- Friday, June 27, 2014

In what used to be called Iraq, the unmistakable sign that a sovereign state has dissolved into three warring tribal factions is that Baghdad no longer controls its own borders.

Despite posturing by Secretary of State John F. Kerry and dispatching 300 special forces “advisers” on a futile rear-guard mission, new facts now exist in the far-off sands of the Middle East. Put simply: All the king’s horses and all the king’s men can never put the Humpty-Dumpty Kingdom of Iraq back together again. No matter how passionately proclaimed by pundits and presidents, wishful thinking must eventually give way to hard facts on the ground.

The same is true of other sands much closer to home, those along the fabled shores of the Rio Grande. What is happening in South Texas — just over a hundred miles from where these words are written — is that our southwestern border is being overrun. Owing to the studied inattention of the liberal media, you might not have known that the Texas Department of Public Safety (DPS) has long engaged in a no-holds-barred campaign of airmobile and riverine warfare campaign against the Mexican drug cartels.

The cartels are a latter-day credit to Adam Smith, an aggressive, vertically integrated service organization dedicated to supplying “product” to their loyal customers in every American city — like Wal-Mart, only better organized and viscerally intolerant of failure. On the other side is the Texas Department of Public Safety, an equally determined, paramilitary force struggling to hold the line against a wily, wealthier adversary. Several years ago, I listened with rapt fascination as the chief of the Texas Rangers described an engagement in which his troops had fired 3,000 rounds of ammunition against the cartels. Why so many? “Because, dag-nabbit, we didn’t have 5,000 rounds.”

That was all before a simmering, low-intensity conflict turned into a full-fledged invasion. Article 4, Section 4 of the Constitution states that the United States has a specific responsibility to every “State in the Union … [to] protect each of them against Invasion.” With good reason, the Founders probably contemplated the Redcoats coming back to burn Washington and besiege American cities — as they actually did during the War of 1812.

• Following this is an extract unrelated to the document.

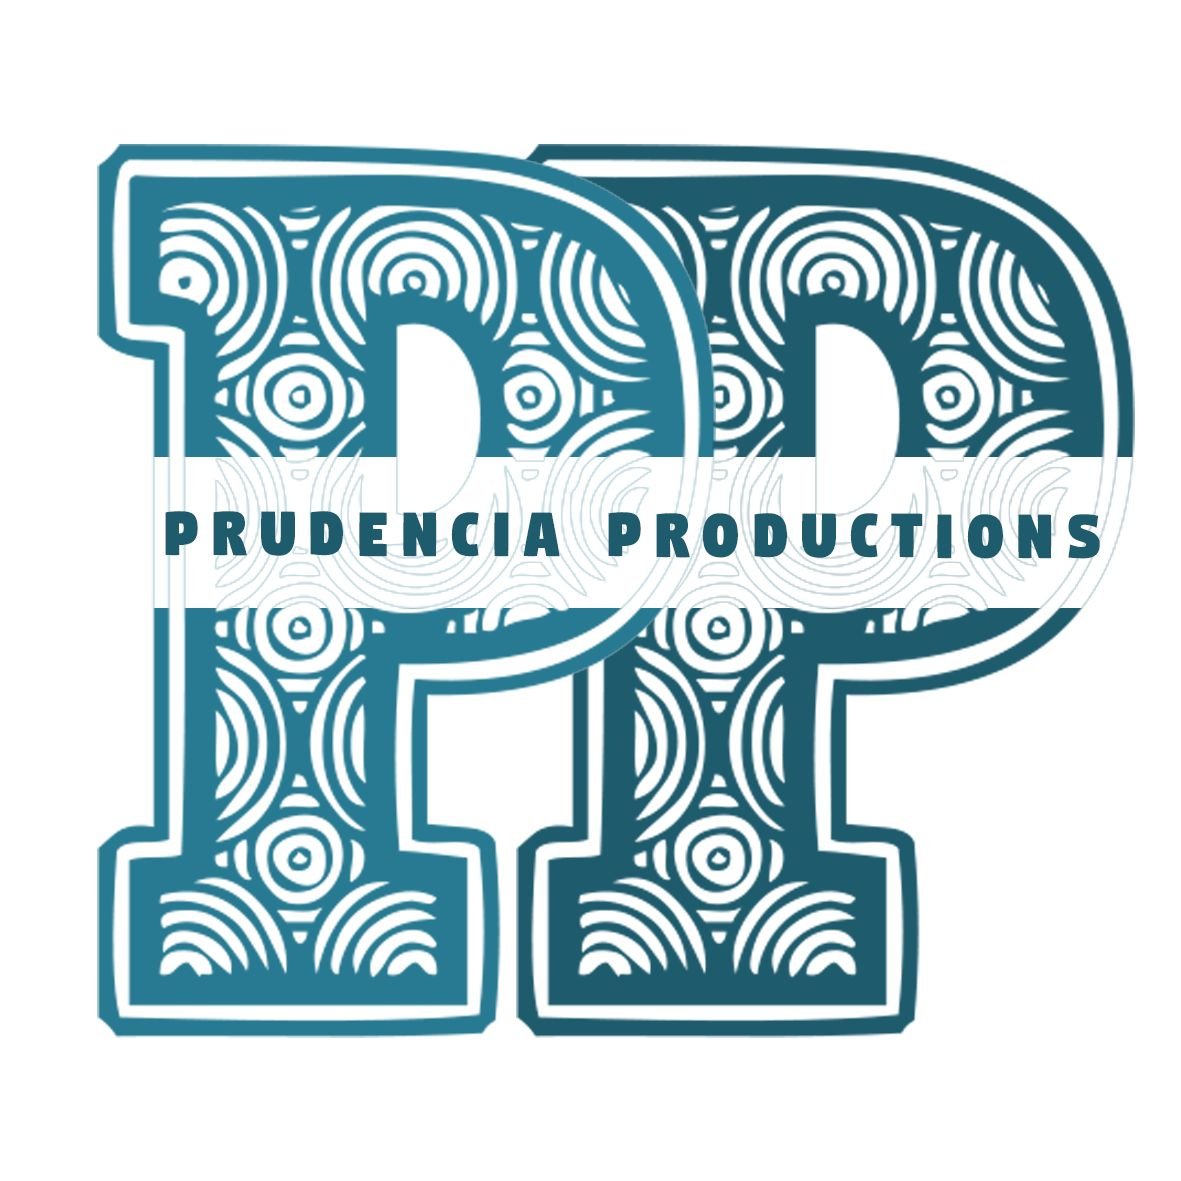 Prudencia Productions
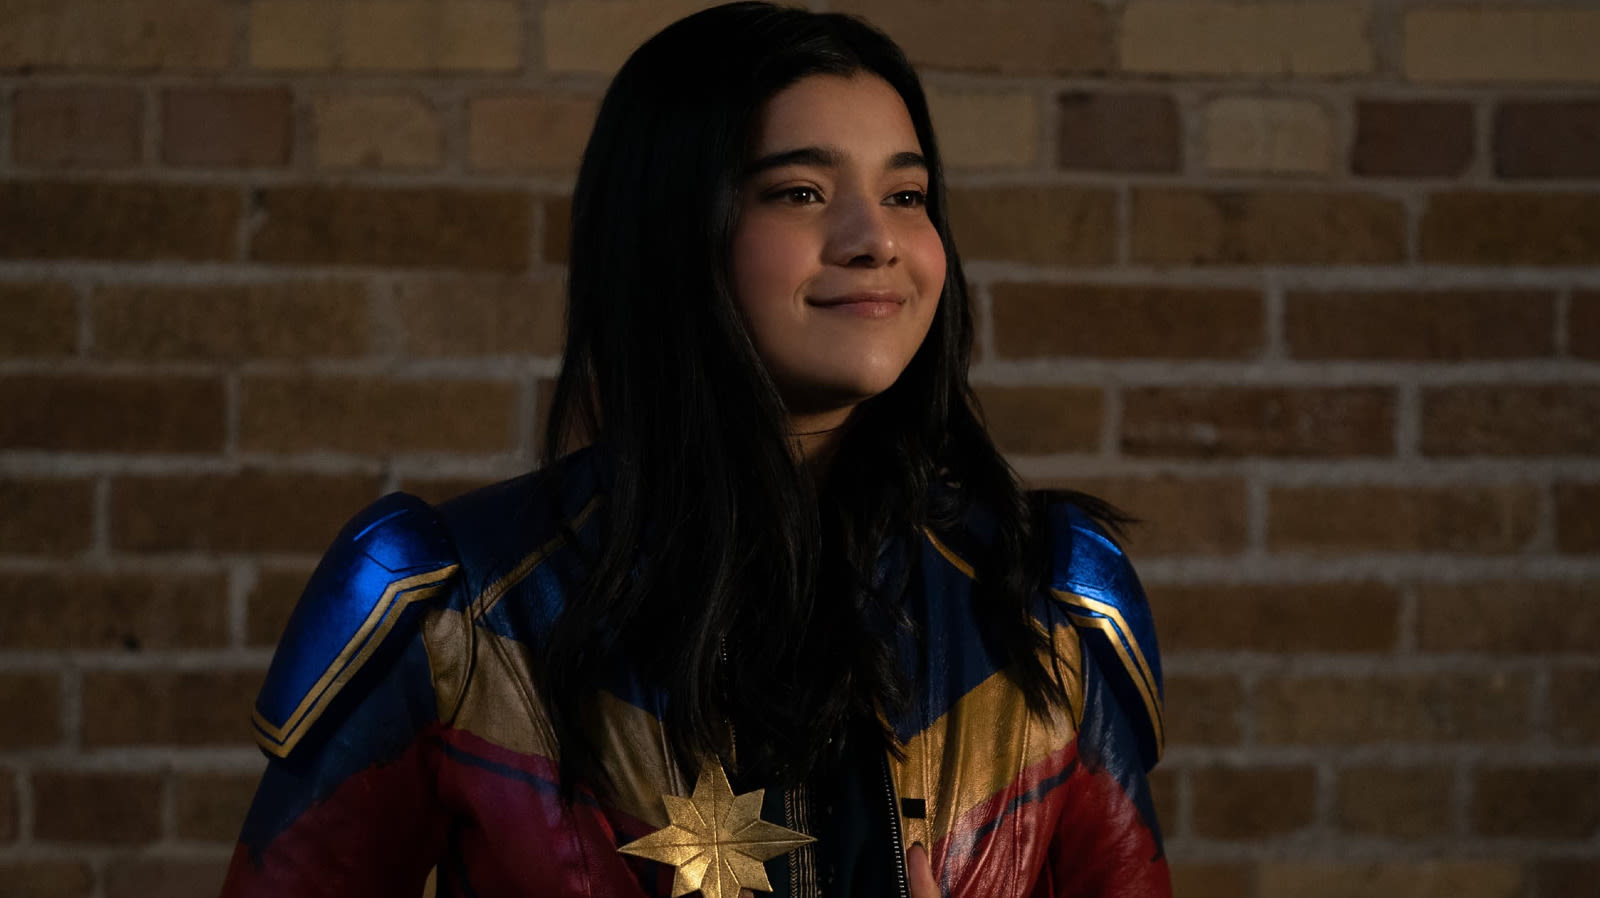 The Ms. Marvel Scene Iman Vellani Couldn't Get Through Without Laughing - SlashFilm

How about now, when the invading armies overrunning the Texas and Arizona borders are not Redcoats but “unaccompanied alien children” arriving every day by the thousands? In the first six months of 2014, more than 21,000 of these children turned themselves in to authorities in the Rio Grande Valley sector alone, four times the total for all of 2011. Instead of apprehending bad guys, battle-hardened Texas DPS officers and overworked Border Patrol agents are now preoccupied with new missions. They are changing diapers, arranging deliveries of baby formula and shepherding the newly arrived alien children to “refugee resettlement shelters” deep in the American interior — the foreordained destiny for this rising generation of future Democratic voters.

The new arrivals have exploded the once-familiar distinction of “Other Than Mexican,” trekking 1,800 miles through Mexico from El Salvador, Guatemala and Honduras. DPS officials worry that narco-traffickers and Hezbollah terrorists may slip undetected through the now wide-open door. Texas officials place the blame for the influx squarely on the so-called Department of Homeland Security, where “prosecutorial discretion directives” and other Obama administration policy choices have sent an unmistakable signal. Every potential immigrant now understands that, if you can get here, the border fence is down. Once you’re here, we won’t throw you out.

Until quite recently, it was not that way at all. In February, a close family friend from Mexico invited us to his naturalization ceremony, held in San Antonio’s Institute of Texan Cultures. Among exhibits honoring Texas pioneers of every conceivable ethnicity, the standing-room-only crowd stood while an honor roll was read. As the names of more than 30 countries were read, two or three of their emigrants stood proudly. Then the master of ceremonies read the last country: “And finally, Mexico.” The remaining half of the audience stood amid a roar of applause, laughter and cheers of “Viva Mexico.”

After taking the oath of allegiance, the new citizens lined up to receive their certificates, voting cards and pictures taken with the presiding judge. Each had endured a demanding process taking time, money and effort, designed to underline the timeless lesson that neither freedom nor American citizenship is free.

Speaking of those voting cards: The overriding task this fall is to elect a Republican majority that will impeach President Obama and his henchmen for the “high crimes and misdemeanors” that have progressively undermined our borders, and thereby, compromised American security and our identity as a nation of immigrants, which intends to remain fully sovereign.

Ken Allard, a retired Army colonel, is a military analyst and author on national security issues.